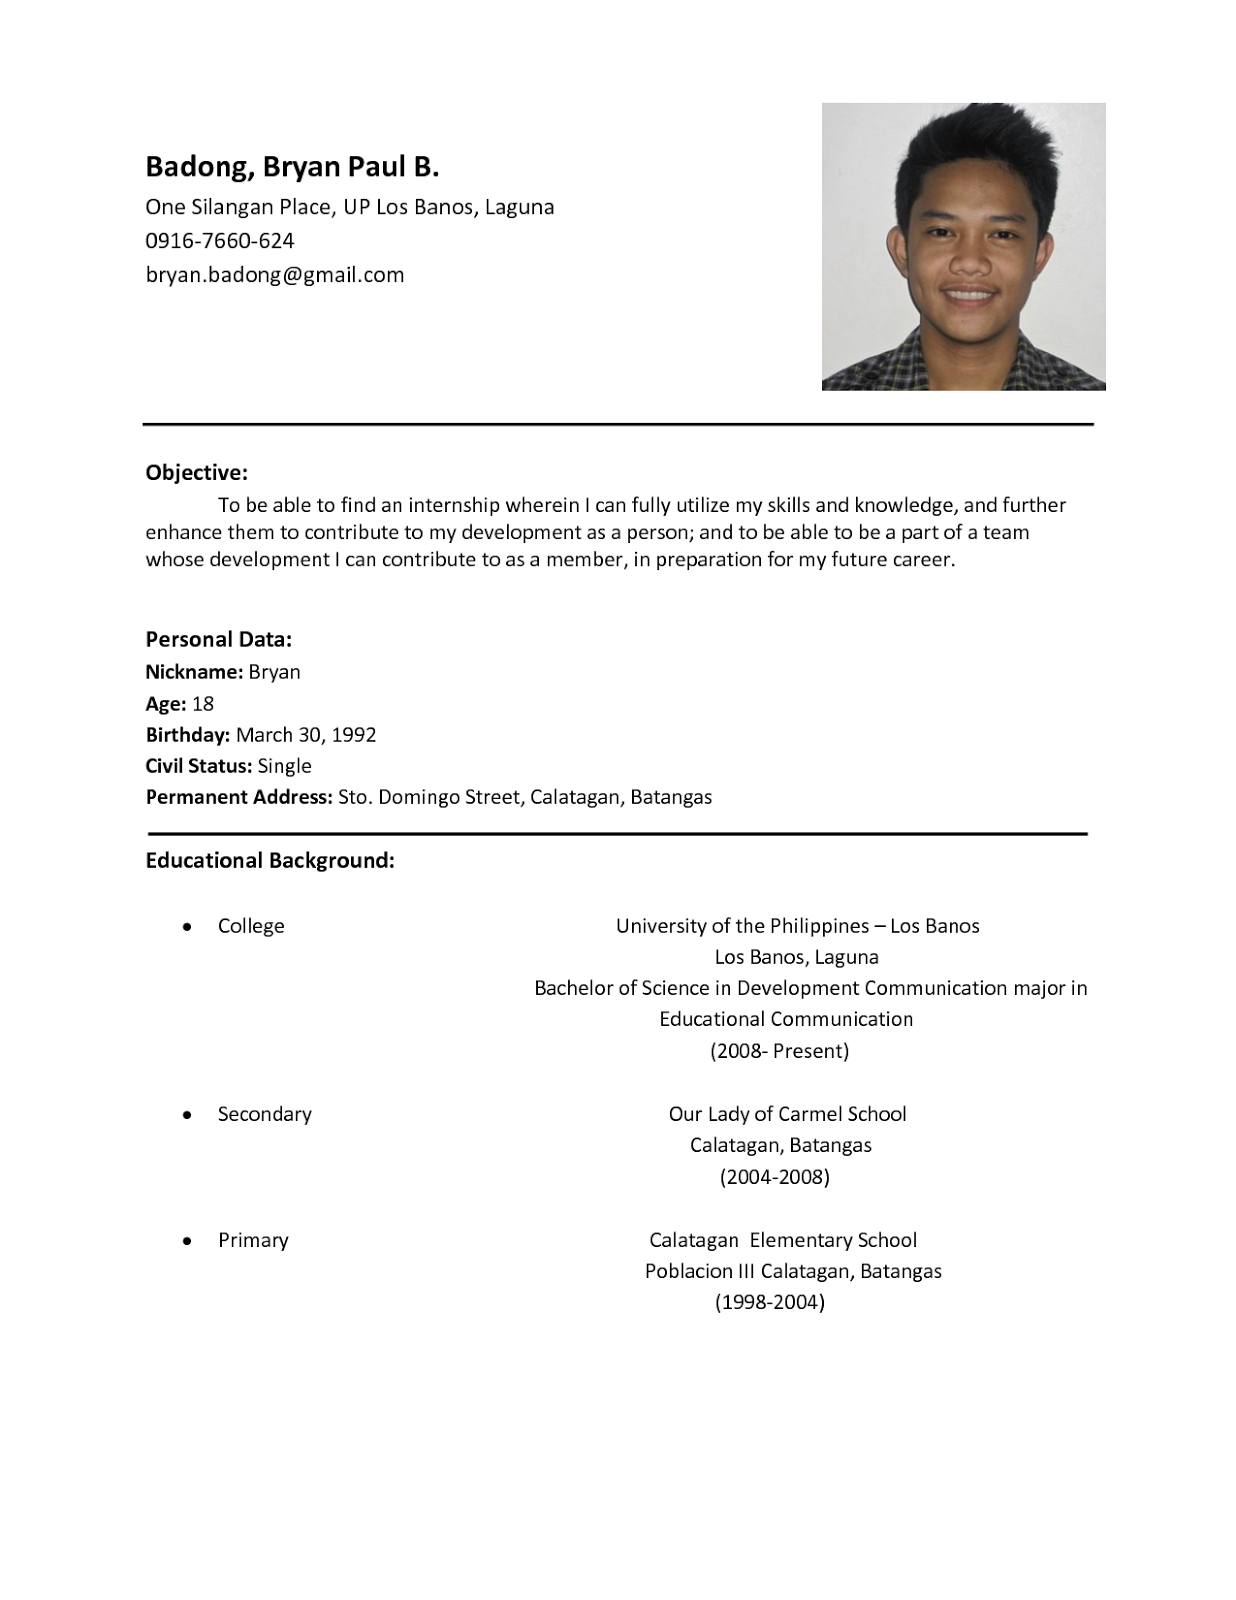 Sample Resume Format for Students | Sample Resumes
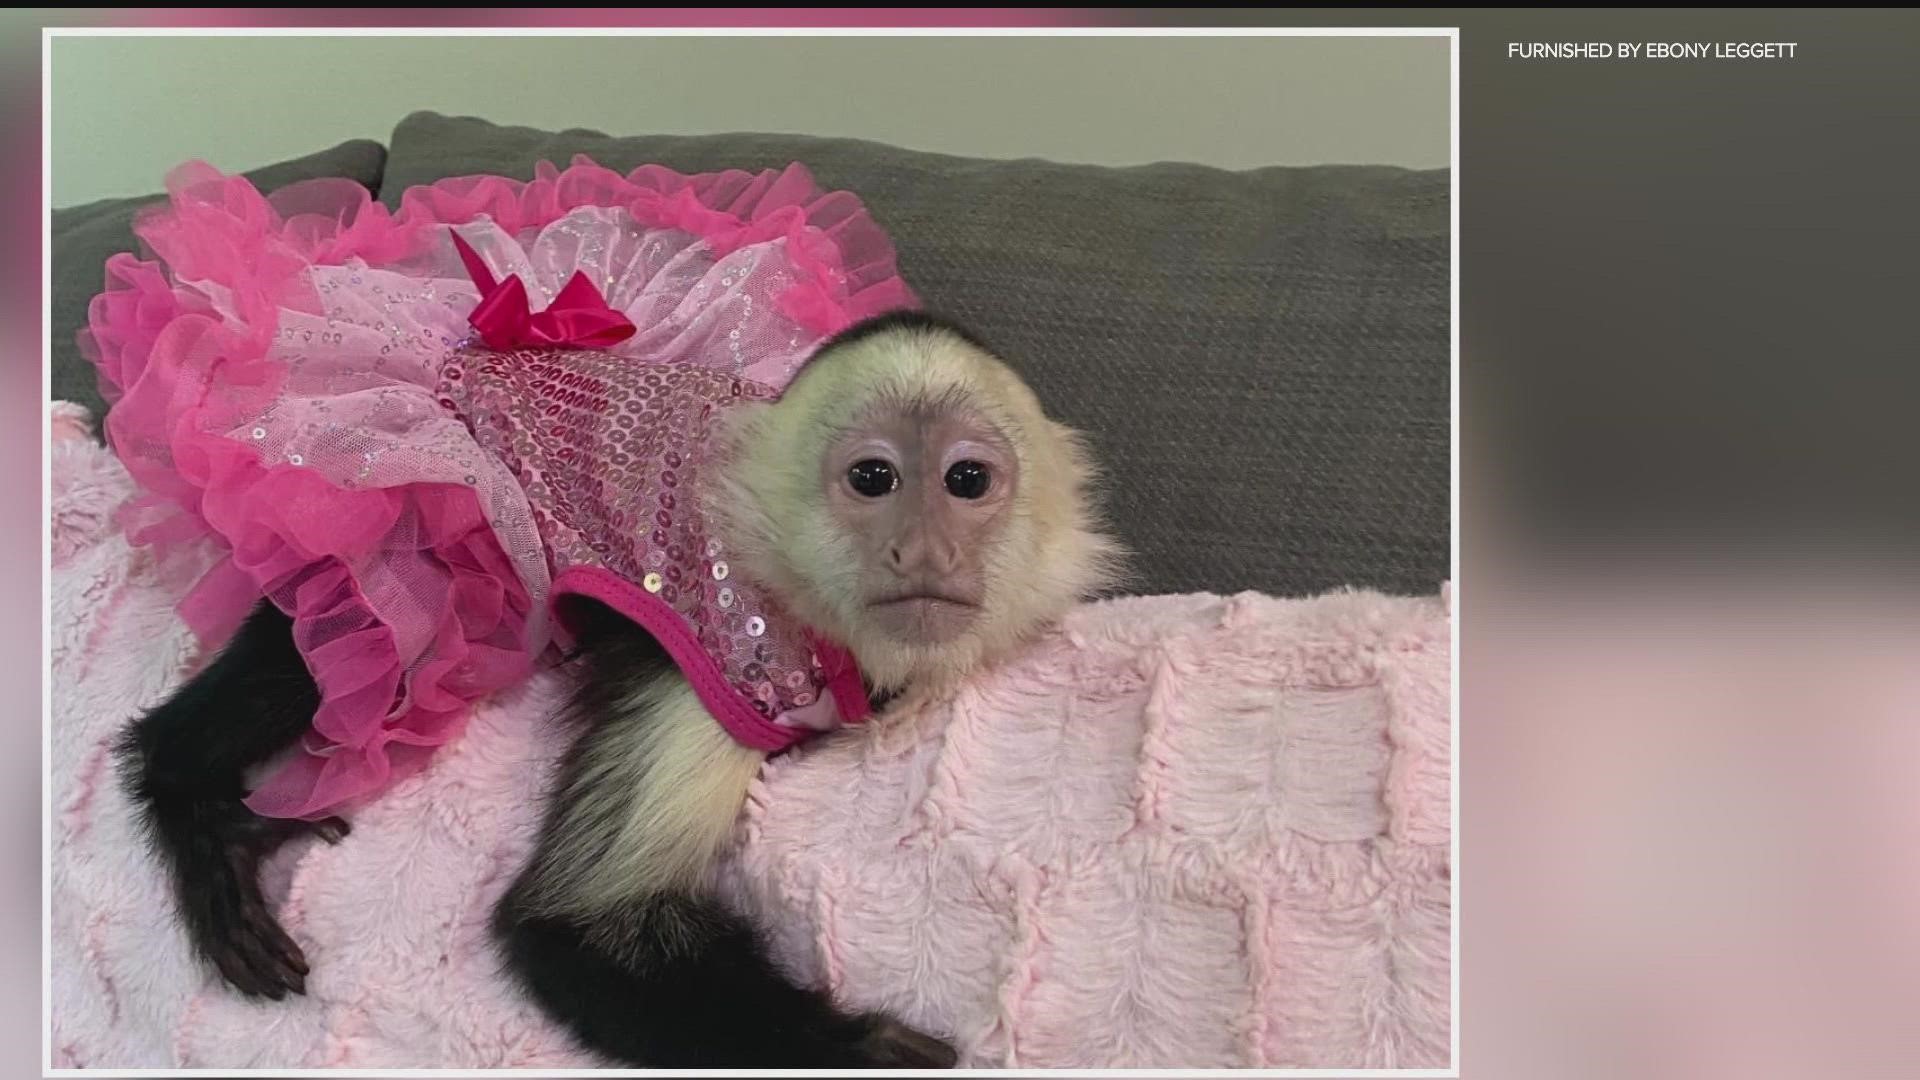 Maplewood Police say the victim left a capuchin monkey named Coco Chanel inside her vehicle, and when she returned, the monkey and pink carrier were missing.
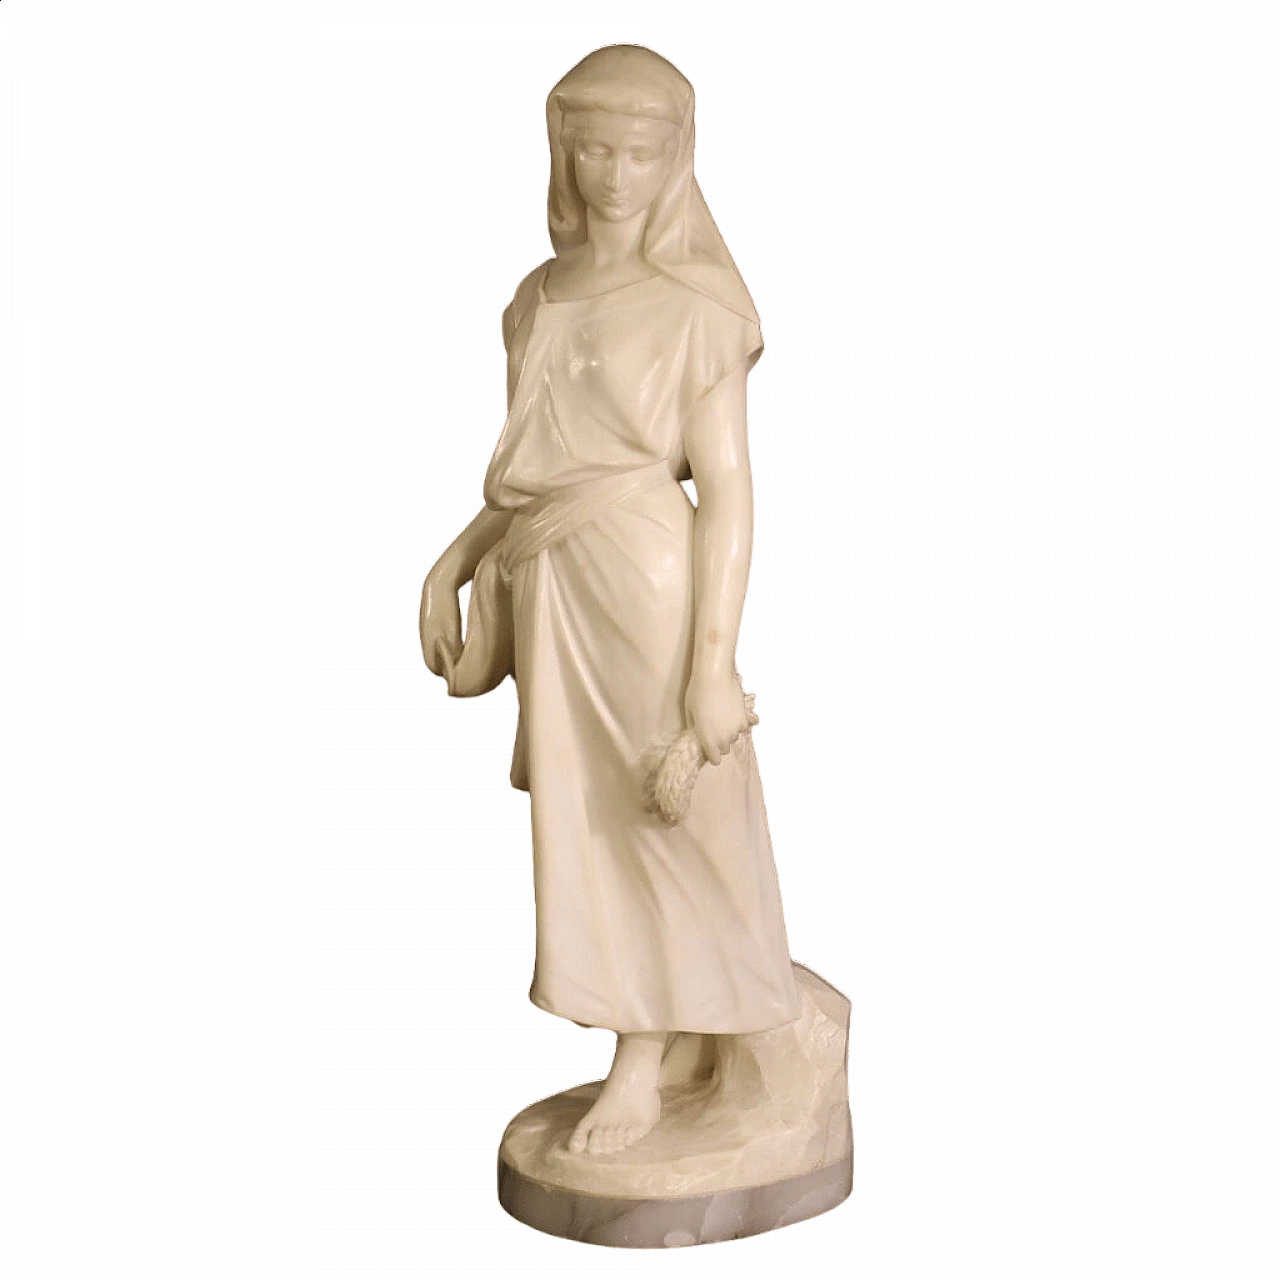 Leon Grégoire, young gleaner, alabaster sculpture, late 19th century 13

## Goal of the exercise:
Give every line above again exactly, omitting whatever pictures appear.

## Reply to the exercise:
 Sample Resume Format for Students | Sample Resumes
 Maplewood Police say the victim left a capuchin monkey named Coco Chanel inside her vehicle, and when she returned, the monkey and pink carrier were missing.
 Leon Grégoire, young gleaner, alabaster sculpture, late 19th century 13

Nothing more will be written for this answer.